Sans que l’on puisse établir de lien avec le four, une petite concentration de carporestes carbonisés a été mise en évidence à proximité du bâtiment à abside. Le blé nu est prédominant au sein de cet ensemble.

Cinq grandes fosses circulaires sont présentes dans la partie orientale de la fouille. Ces excavations ont sans doute permis l’extraction de l’argile nécessaire aux élévations des différents édifices du site. Certaines de ces fosses ont ensuite été partiellement comblées par des vidanges du four.

Enfin, à une soixantaine de mètres au sud est du bâtiment à abside, en bas de versant, a été mise au jour une vaste fosse oblongue et peu profonde. Cette structure dont la vocation initiale demeure indéterminée a été comblée par des apports successifs de matériaux de destruction provenant des bâtiments gallo romains. Ces déblais ont donc probablement été rejetés lors d’une mise en culture du relief postérieure à l’abandon de l’établissement du Ier s. apr. J. C. Le site de l’Issart fait en définitive partie de ces multiples petits établissements qui constituent entre agglomérations et villae les éléments fondamentaux du système agraire gallo-romain.

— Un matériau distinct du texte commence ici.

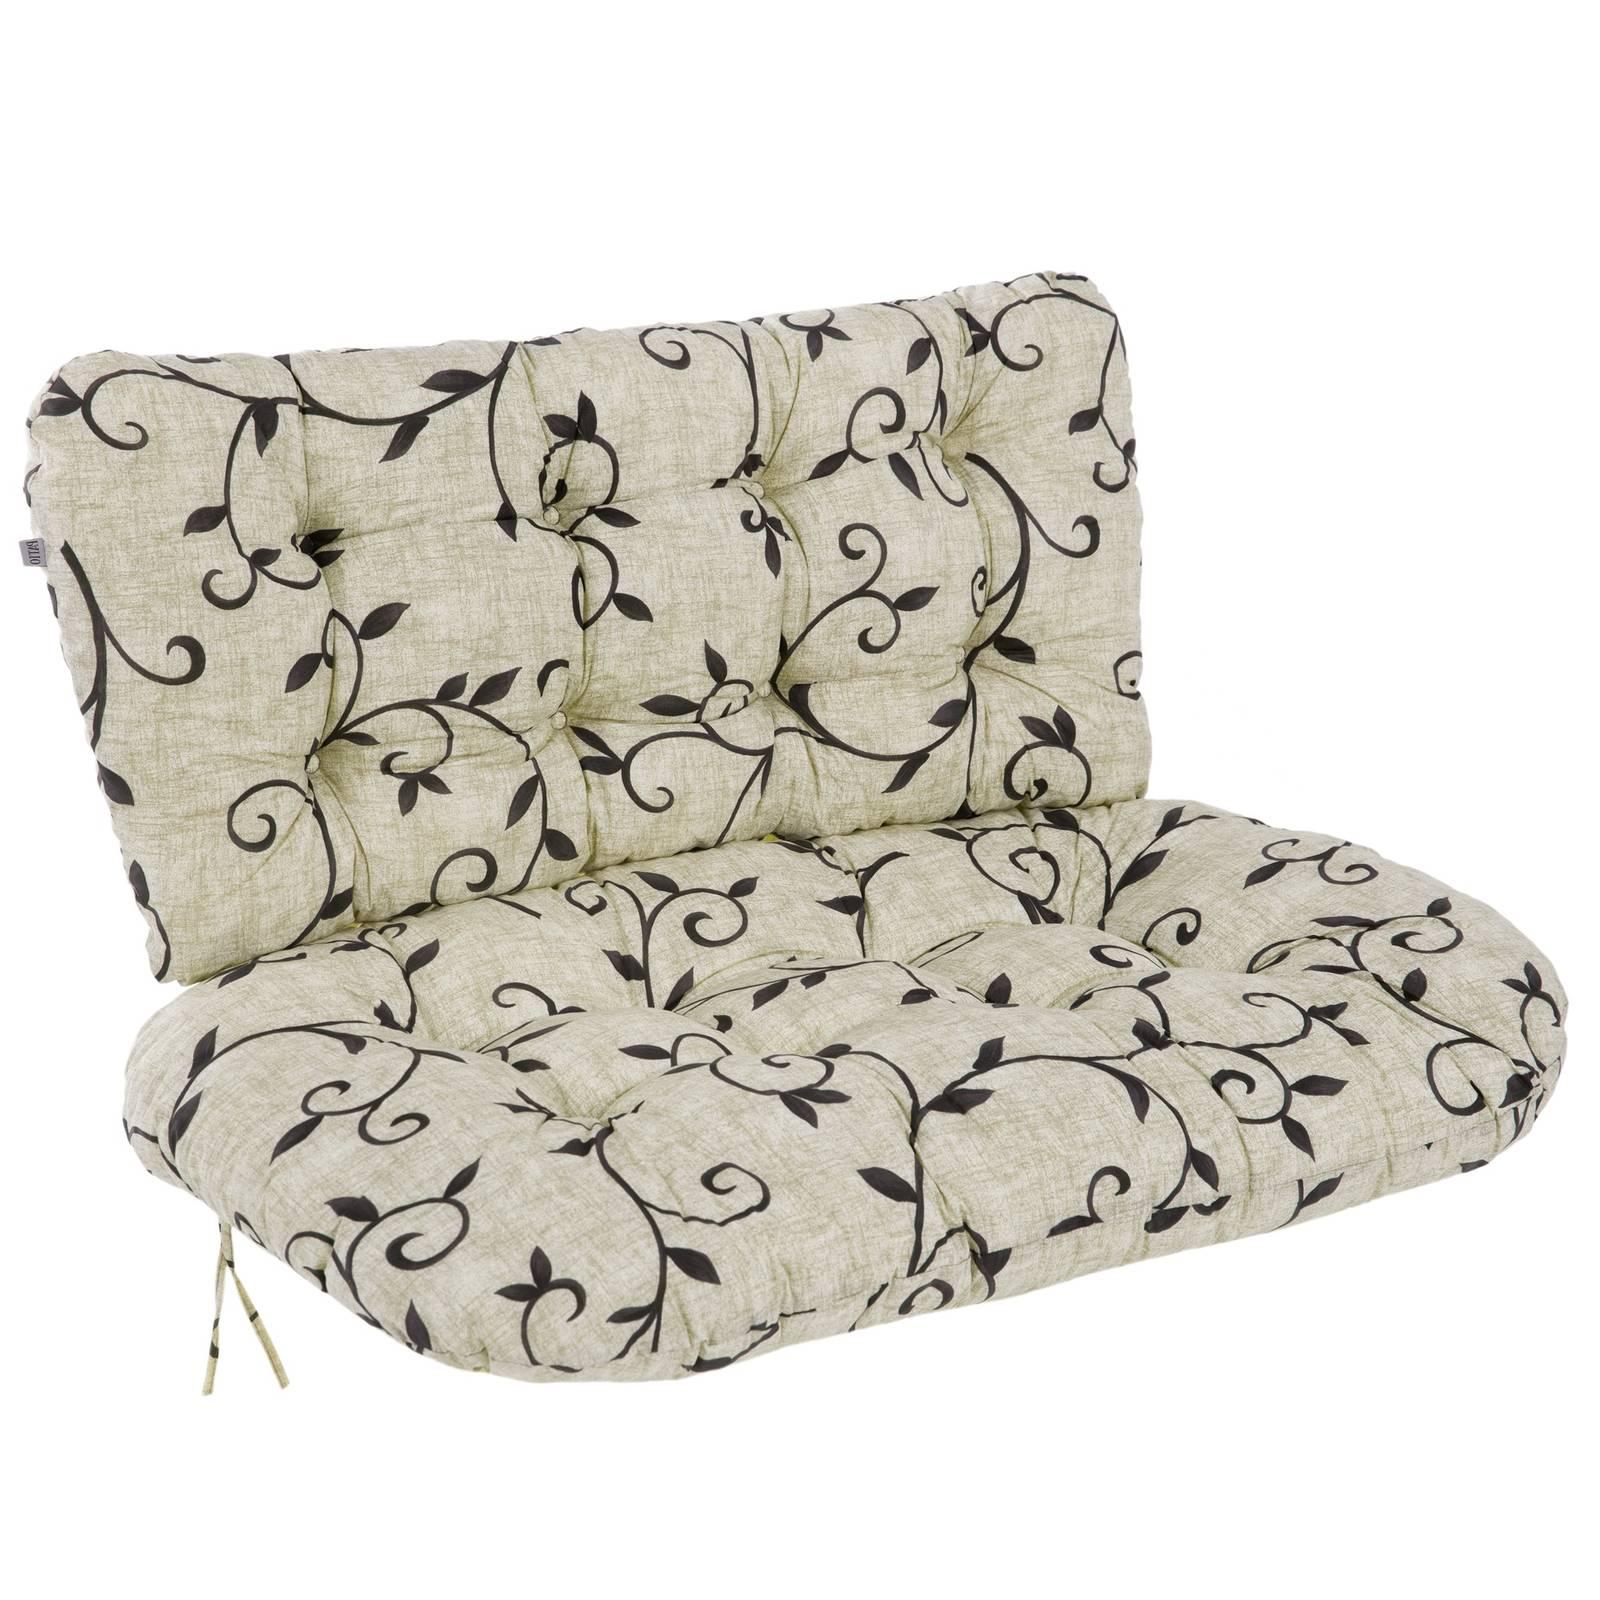 Poduszki na sofę 95 cm Marocco G001-06PB PATIO

Dans le cas de l’Issart, il apparaît tout d’abord que l’établissement mis au jour associe des espaces ayant une vraisemblable vocation domestique à des pièces ainsi qu’un équipement liés à des activités productives ce qui atteste que l’on ne se trouve pas en présence d’une simple annexe agraire à vocation exclusivement utilitaire. Si l’établissement de l’Issart possède des espaces domestiques distincts, la part réservée à l’habitat y est néanmoins modeste. Par ailleurs, à l’exception du four, les espaces potentiellement destinés au stockage et à la transformation des denrées y sont en définitive limités et paraissent en conséquence peu compatibles avec la pratique d’une activité vivrière diversifiée propre à une exploitation familiale pouvant être qualifiée de ferme. A contrario, l’importance du four qui constitue l’équipement technique central du site témoigne d’une spécialisation de la production. Cette orientation vers une activité spéculative laisse en définitive à penser que l’établissement de l’Issart a sans doute constitué la dépendance d’un centre domanial. Peut-être les vestiges signalés au lieu-dit Bel Air, à un peu plus d’un kilomètre au nord de l’Issart, correspondent ils à ce dernier.

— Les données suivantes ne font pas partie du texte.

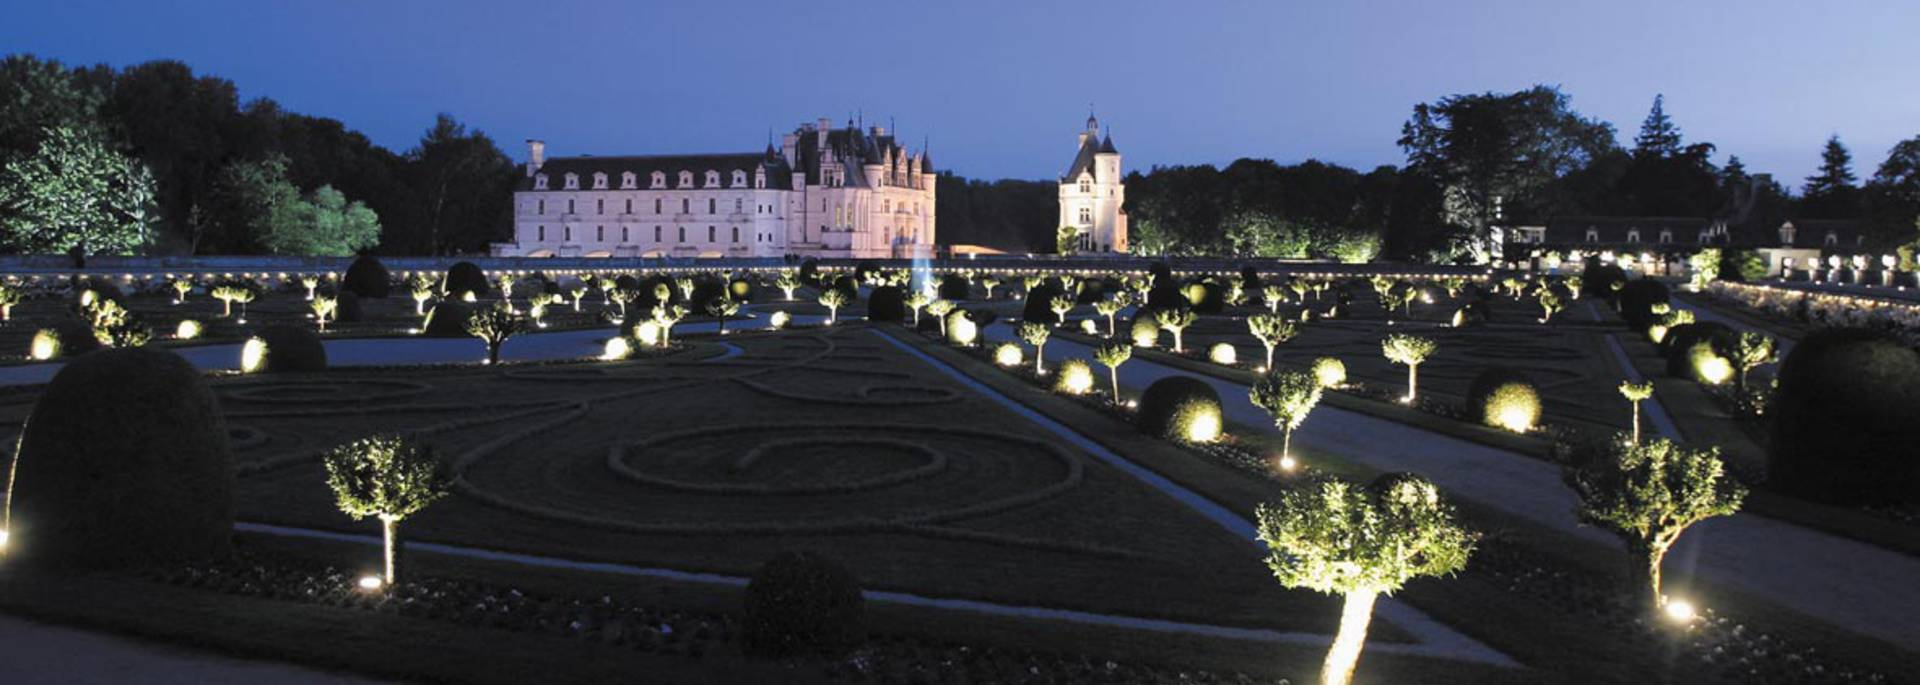 Schloss Chenonceau bei Nacht © Images de Marc

Au-delà de cette question de statut, la grande originalité de l’établissement de l’Issart réside dans la nature de sa production : en effet, tout laisse à penser que le four du site soit destiné à la cuisson du pain. Or nous n’avons pu trouver en Gaule, d’attestation de structure de capacité comparable au sein d’un établissement rural. Tous les fours proches de celui de l’Issart ont été mis au jour soit dans des agglomérations, soit dans des camps légionnaires. Une expérimentation a d’ailleurs permis de montrer que ce type de four permet de cuire en une fournée, une soixantaine de pains. Cela pose donc la question de la destination de la production du four de l’Issart. La fouille du site de la Ramière, dans le Gard, a toutefois permis l’étude d’une annexe agraire dotée de structures collectives de production de pain, production éventuellement destinée à l’alimentation des équipes travaillant dans les champs alentours. Une fonction similaire pourrait donc être éventuellement envisagée pour le four de l’Issart.